Мимо заведения «У Марио» тянулись ко входу в метро унылые люди с лицами, лишенными отпечатков высшего образования.

— Мы живем с ними вместе, в одной стране. Но разве мы — один народ? Они не хотят идти в Европу, ты прав. Ты знаешь, какой процент алкоголиков, насильников, воров и убийц в России? Ты знаешь, что народ спивается и вымирает? Ты хочешь, чтобы мы (фрондеры, как ты выражаешься) служили не принцам капитала — а народу-уголовнику, который выбрал офицера госбезопасности?

— Я хочу, чтобы наши знания не превратили нас в секретарей при корпорациях. Потому что однажды эти корпорации прикажут нам написать докладную записку, почему народ надо пустить на пушечное мясо.

— Ты, кажется, считаешь себя моральным человеком. Ты, эгоист, считаешь себя вправе судить? Ты уверен, что в твоем прошлом нет грязи и греха?

Разговор становился все грубее и непристойнее, а когда доходило до помощи родителям и пакетов картошки, то и вовсе делался непереносим.

В такую минуту Роман Кириллович и сказал младшему брату: «Когда я умру, на мои похороны прошу не приходить».

С тех пор прошло более десяти лет. И боль жила в обоих братьях.

И Марк Рихтер лежал без сна рядом со своей худой женой и думал о брате, о матери и ее словах «вы мои два крыла», об отце, который воспитал их обоих, о деревянных крестах на Востряковском кладбище. Марк Рихтер постоянно видел перед собой лицо брата, и ничего кроме стыда не чувствовал. Вспоминал, как Ромка спасал его, мальчишку, от дворовой шпаны. Вспоминал, как старший брат идет сквозь гримасничающую шпану, чтобы отбить младшего, протягивает руку, чтобы вывести младшего брата из плотного кольца обидчиков.

— Он всегда спасал меня, всегда.

— А ты прощения у брата попроси, — сказала Мария.

— Как это: прощения?

— А вот так. Просто.

— За что прощения?

— Разве просят за что-то? Просят потому, что не могут не просить. Как хлеба просят, когда голоден. Ты молитву помнишь? Любовь — это и есть хлеб насущный. Подойди к нему, скажи: прости меня, Рома. И на колени встань перед старшим братом.

— Как это — на колени?

— Ну, как в храме Божьем на колени становятся. Так вот и ты встань. Он твой старший брат. Он тебя в детский сад водил. Он тебе попу вытирал, когда с горшка снимал. Он тебе книги читал. Ты разве можешь быть умнее его? Разве ты можешь быть прав? Конечно, надо на колени встать.

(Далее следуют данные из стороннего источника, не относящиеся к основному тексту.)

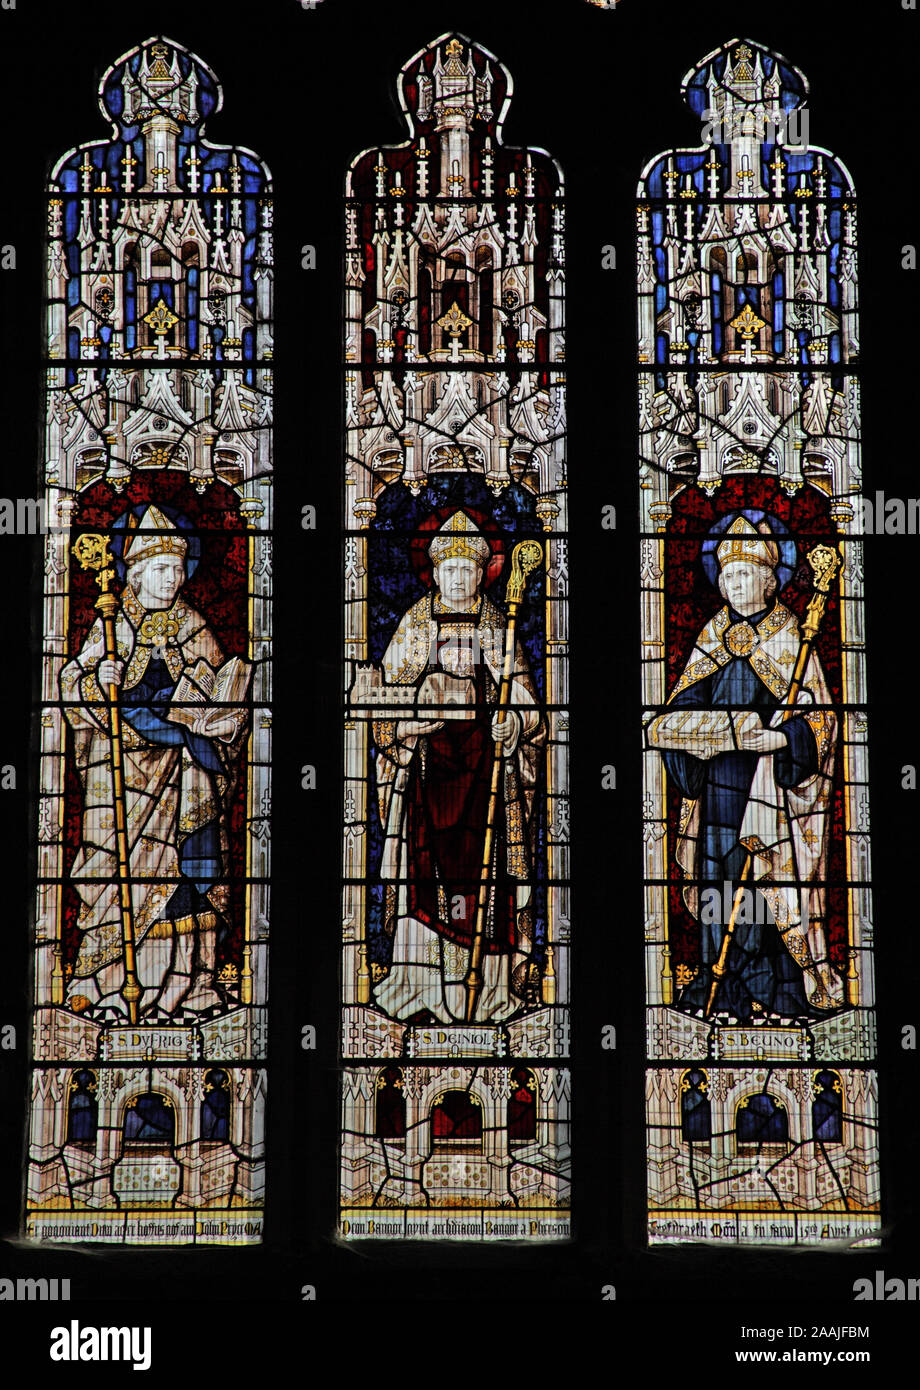 A stained glass window by Burliuson & Grylls depicting saints Dyfrig, Deiniol and Beuno, Bangor Cathedral, Bangor, Gwynedd, Wales Stock Photo

Наталия же Мамонова, когда Марк Рихтер поделился с ней своей болью, заметила: «Ничего не поправишь, и думать об этом не стоит. У тебя свой путь, у него свой. Кто что выбрал. И почему ты должен переживать за свой интернациональный успех и славу?»

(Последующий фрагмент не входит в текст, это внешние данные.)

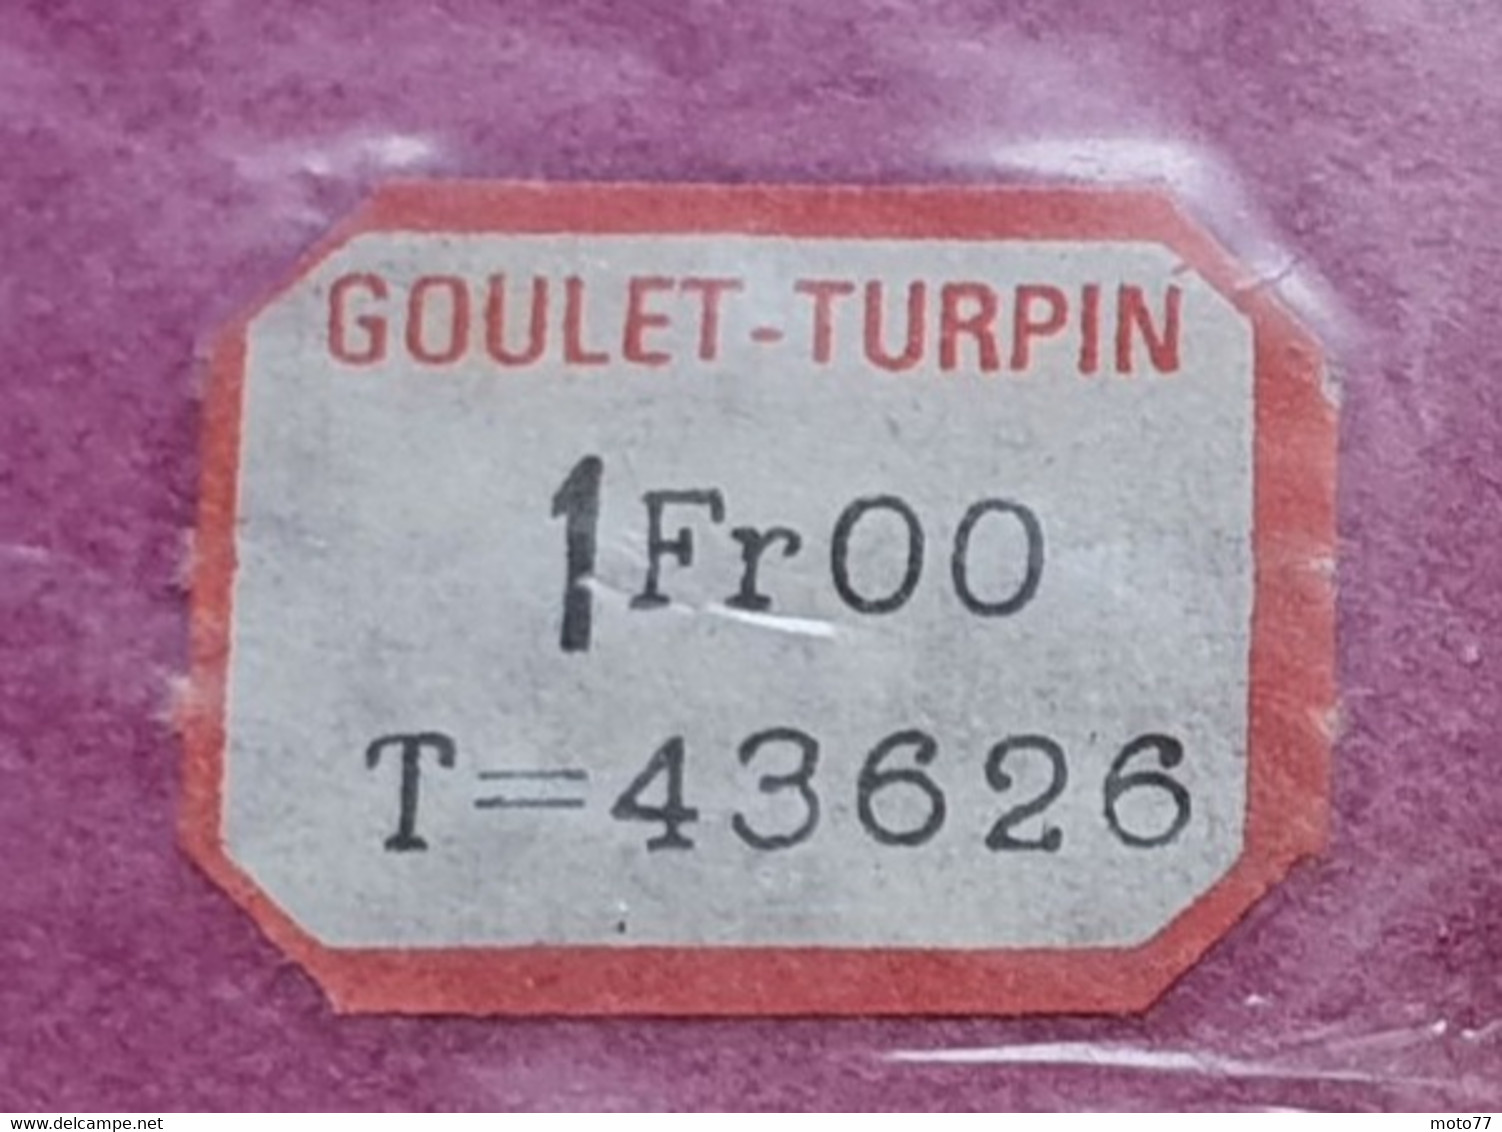 Ancien NAPPERON rond - environ diamètre 30 cm - Plastique - "neuf de stock" magasin GOULET TURPIN Reims - vers 1960

Мудрее же всех высказался Феликс Клапан, раскинувшись на отельной постели:

— Ну и дурни же эти твои Рихтеры. Что ссориться по пустякам. Буря в стакане кефира.

Однако, если ссора братьев и была, по выражению акварелиста, бурей в стакане кефира, следствие, возбужденное против Романа Кирилловича, уже бурей в стакане кефира не назовешь.